L. laevissimum Photo:  USGS Native Bee Inventory  http://www.flickr.com/people/54563451@N08

L. laevissimum
Photo: USGS Native Bee Inventory
http://www.flickr.com/people/54563451@N08

At long last, our genome project is truly underway – the sequencing has been done so now begins the process of assembly!

Getting to this point, we ran into an unexpected series of setbacks with DNA quality control.  A major issue lay in quantifying the DNA for sequencing from very tiny bees.  We used a Nanodrop spectrophotometer, which fooled us several times into thinking we had more DNA than we actually did.  It turns out that the total DNA from a tiny sweat bee like Lasioglossum laevissimum, when eluted in a reasonable liquid volume, is at a concentration well below accurate levels of measurement for our instruments.  This explains why some people refer to Nanodrops as expensive random number generators.  We actually found the Nanodrop to be quite accurate in measuring relatively high DNA concentrations from big bees.   A second set of problems arose with DNA quality – low quality DNA might not produce sufficient or high enough quality DNA libraries.  After several apparently unsuccessful attempts to solve this problem, we instead decided to ignore it!

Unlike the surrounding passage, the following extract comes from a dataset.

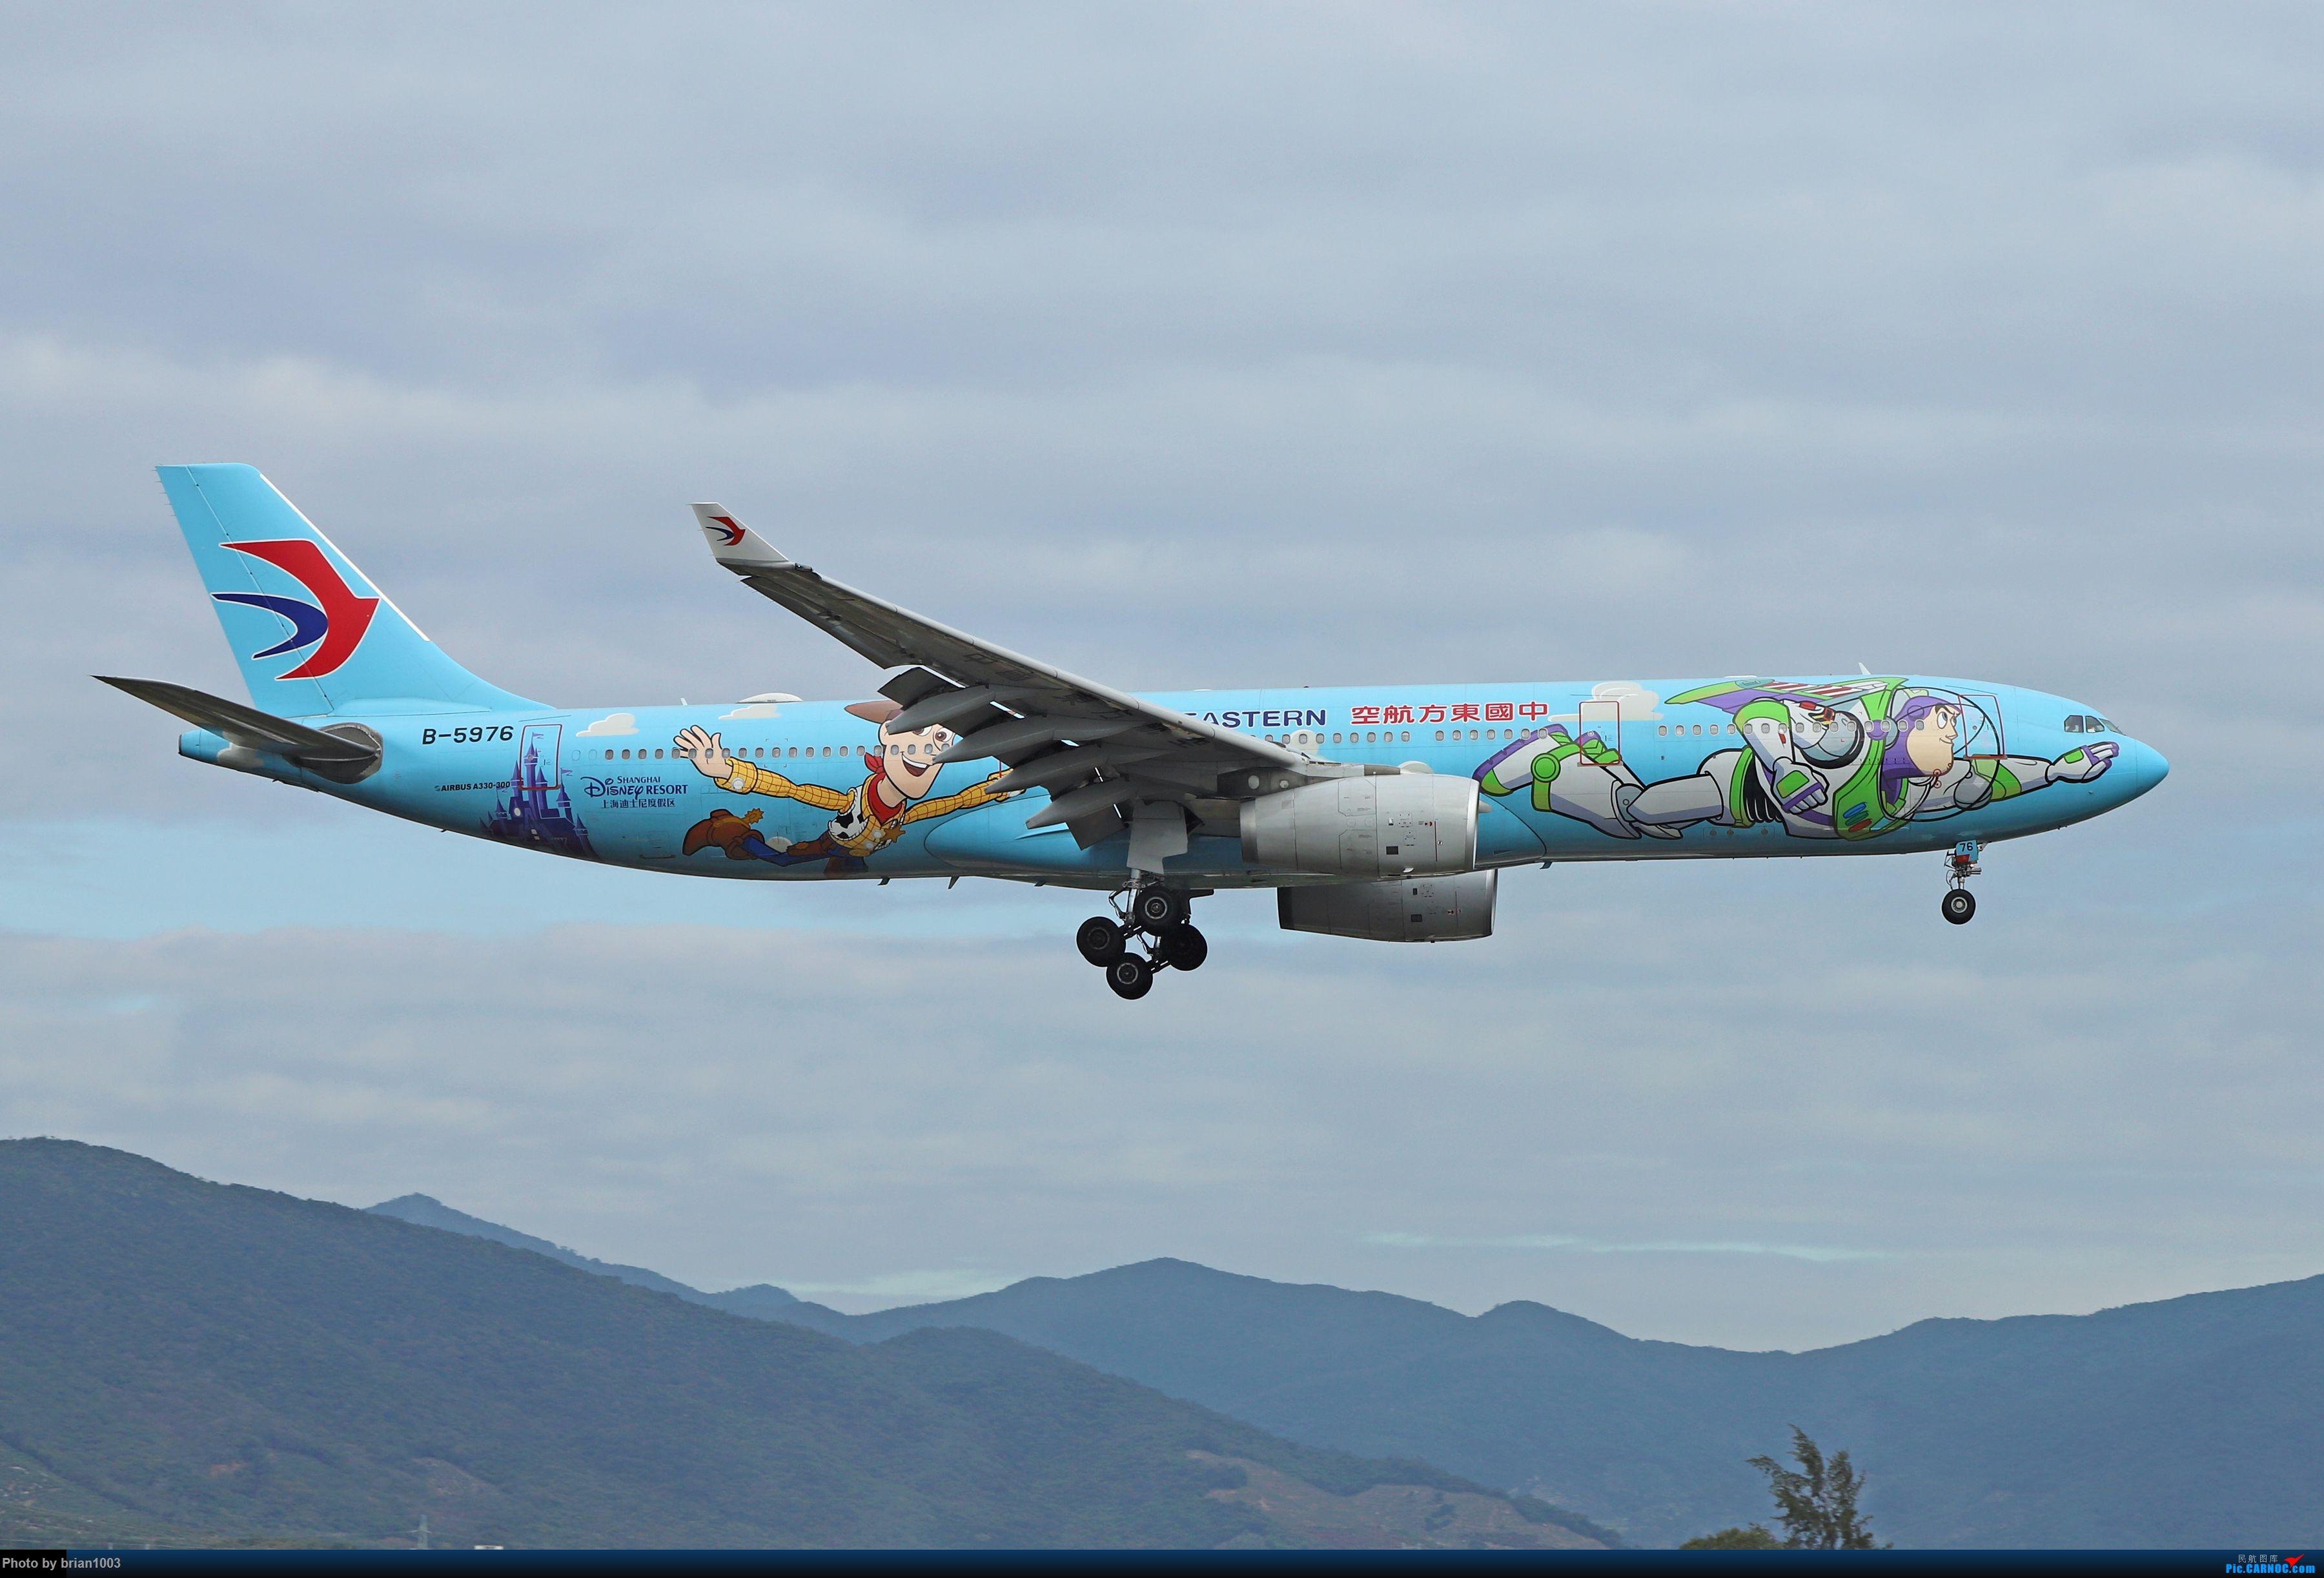 Re:[原创]CZ3347-CZ6734-HU7659,忙里偷闲的三亚拍机之行 AIRBUS A330-300 B-5976 中国三亚凤凰国际机场

Lo and behold, we got all the libraries we originally planned for.

So now we have billions of sequences to assemble.   We will be learning a lot of new skills soon.  Once we have more or less figured out how to do this, we hope to use this genome assembly and annotation project not only for our research, but also to teach bioinformatics skills to undergrad and grad students to widen their technical experience.  This should be fun!